Benchmarking serialization

I was discussing recently with a TYPO3 colleague about performance, specifically caching. Both he and I are working on systems that may involve hundreds or thousands of objects that need to be cached for later use. The objects themselves are fairly small, but there's a large number of them. The data format is only internal, so we don't need anything standardized or parsable by outside systems.

PHP actually has two options for this use case: serialize()/unserialize() and var_export()/require(). But which is better?

Quick, to the benchmark mobile! The results I found were not at all what I expected.

strange-planet-science.jpg
(Image courtesy of the ever-delightful Nathan Pyle of Strange Planet.)

(If you don't care about the details and just want the numbers, skip down to the "Results" section.)

The serializer(s)

PHP's serialize() and unserialize() functions have been around since time immemorial, although exactly how they work has varied. More specifically, there are three different ways that objects can hook into the serialization process to affect how they are represented.

  • Implementing __sleep() and __wakeup(). These callbacks take no arguments. __sleep() is called before the object is serialized to unset values that should not be serialized, while __wakeup() is called after to restore values. These methods are of limited use, and you should not use them.
  • Implementing the Serializable interface, which lets the object return a string representation of itself, and unpack the same string representation of itself. This approach has a number of downsides and can break nested objects, especially if there's circular relationships. You should not use it, and it is being deprecated and phased out.
  • Implementing __serialize() and __unserialize(). These callbacks take and return an array of the object's data to be serialized/unserialized, but lets the object pick and choose what values to use. This is the only override mechanism you should use as of PHP 7.4.
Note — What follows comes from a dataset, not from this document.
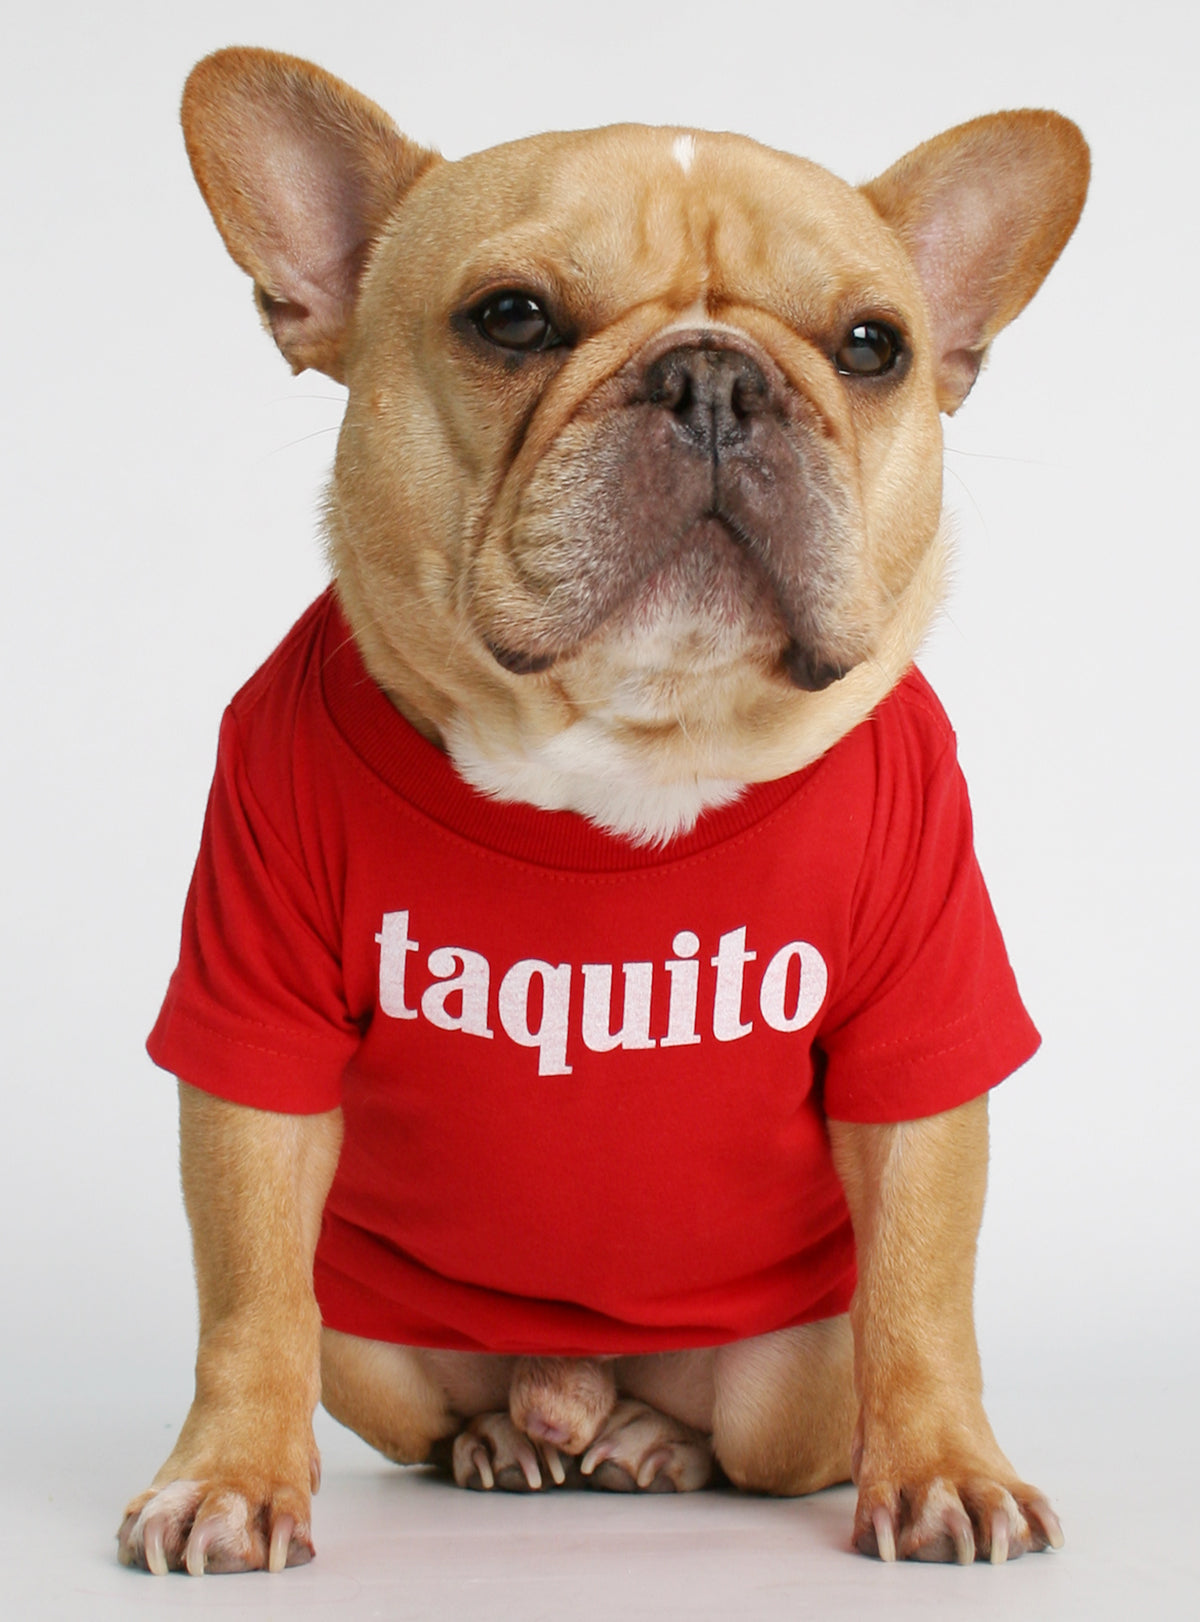 Taquito Dog Tee

Whether you use any hooks or not, serialize() produces an opaque PHP-specific string that has no use other than to be passed into unserialize(), to get the objects back. Additionally, unserialize() also supports a second argument to list what classes the incoming data may be deserialized into. That is necessary for security, as a carefully crafted serialized blob could inject alternate objects into a deserialized payload and produce unexpected results, including security holes.
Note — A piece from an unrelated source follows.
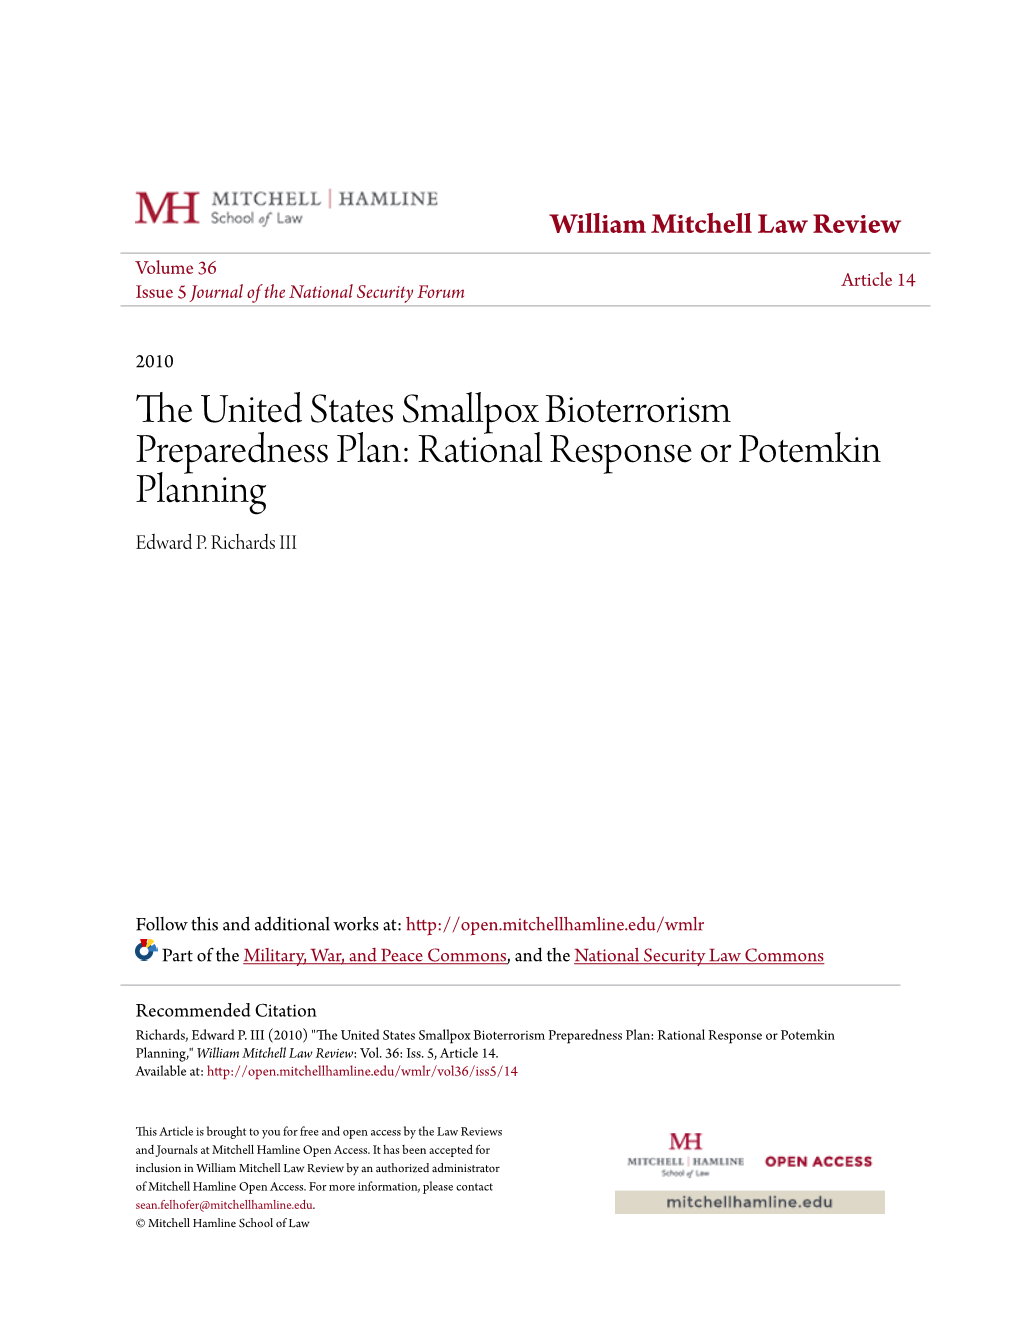 The United States Smallpox Bioterrorism Preparedness Plan: Ration

PHP's secret code generator

It's not often used, but PHP has another way to dump out values to a string or disk: var_export(). This function takes an arbitrary variable and produces a string of PHP code that will reconstitute that variable. So exporting the string "hello" produces the code string "hello", which can be safely used in an assignment statement. The standard way to use it is something like this:

$code = "$exported = " . var_export($something, true) . ";";

$code can now be executed (usually via a require statement; please don't use eval()) to produce a variable exported that is the same as the original value. That's great, but what about objects? They don't have a clear literal version.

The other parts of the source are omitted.